Perhaps one of the strangest and affecting aspects of the film is the simulated call-and-response created between the film’s content and the audience’s reaction. In my screening, scenes of brutality were met with laughter, gasps, and cheers – a vast spectrum of human response that helps to gauge the complexity of issues such as these. To feel outrage not only towards the film but your fellow moviegoers signals something viscerally and sub-textually rich that is rarely found in a movie so potentially wide-reaching.

In chartering such a delicately mapped progression of plot and character beats as well as stimulating such a wide range of reactions, major points should also be delegated to screenwriter Aaron Guzikowski for staying true to the characters and subsequently not allowing them to backpedal out of sticky situations. Guzikowski does not inorganically alter their courses once they’ve begun the dreary descent down their respective rabbit holes and it makes the end result seem that much more well-earned and poignant.

At the center of Guzikowski’s maze of lies is true chaotic evil, and figuring out who is pulling the strings is half the fun. Unlike other detective stories, the puzzle-like aspects of the film aren’t its only strong suits making it more than a one-and-done experience. It’s capped off by a stirring grim narrative about waging war on God that is haunting in its calculated cruelty. We haven’t seen dialogue this unrelentingly dark since Stellan Skarsgård‘s diatribe in The Girl With the Dragon Tattoo.

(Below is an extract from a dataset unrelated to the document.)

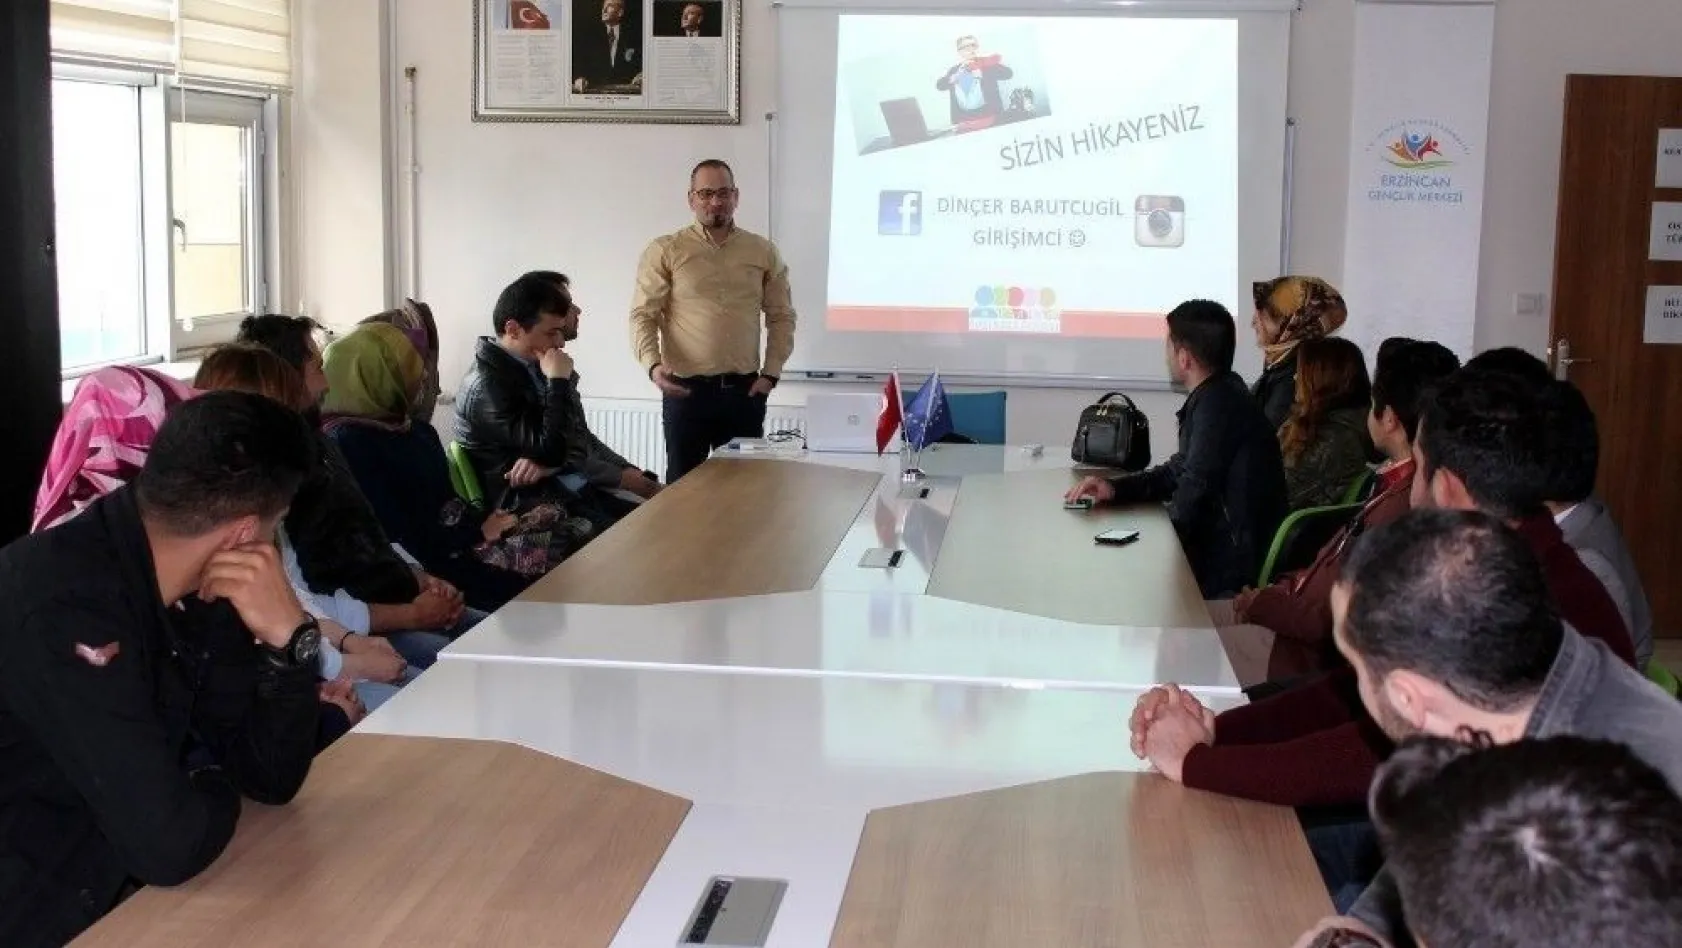 Erzincan Gençlik Merkezi'nde Uygulamalı Girişimcilik Eğitimi Başladı
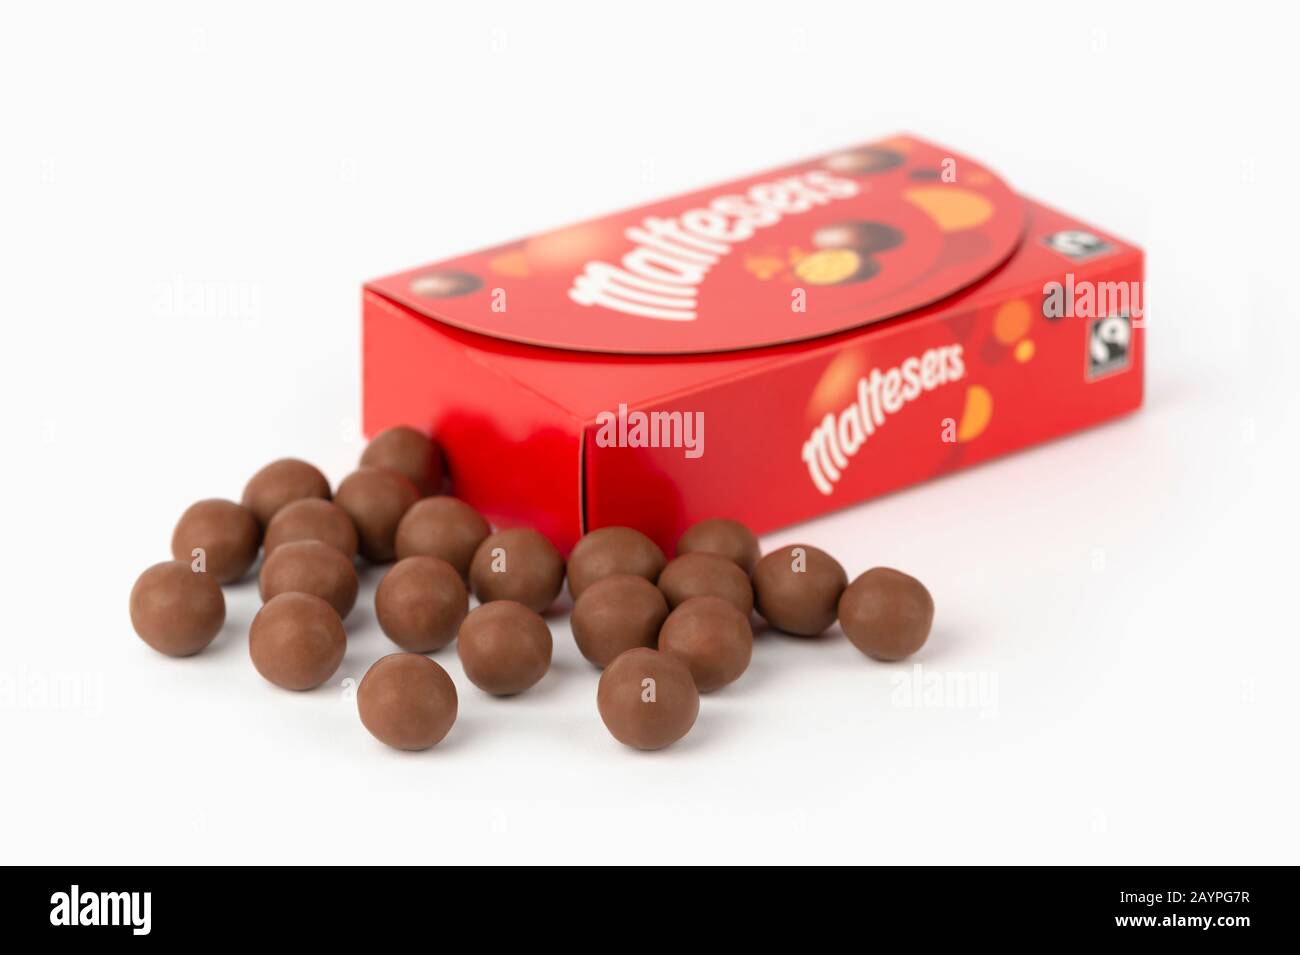 Algunos chocolates Maltesers se rodaron sobre un fondo blanco junto con el embalaje de la caja del producto. Foto de stock

While often uncompromisingly bleak, Prisoners ends up as more of a pulpy, often riveting, character study than what we may originally have suspected. The film is just caked in grit, a feel that the rain-soaked atmosphere helps to amplify, and yet gives equal attention to that within the performances and narrative. Even though it is in many ways reminiscent of a David Fincher film in both tone and feel, it’s hardly imitation. Instead, Villeneuve crafts his own signature touch rich in moody artistic, using the idea of deadlocked forces to tell a story about the blinding solitude inherent in the human condition As each character on the screen is captive to their own physical or psychological prison, we are captive to the deep digging questions steaming out of the gutters of the film. Questions that we can only answer for ourselves in the vastness of solitude.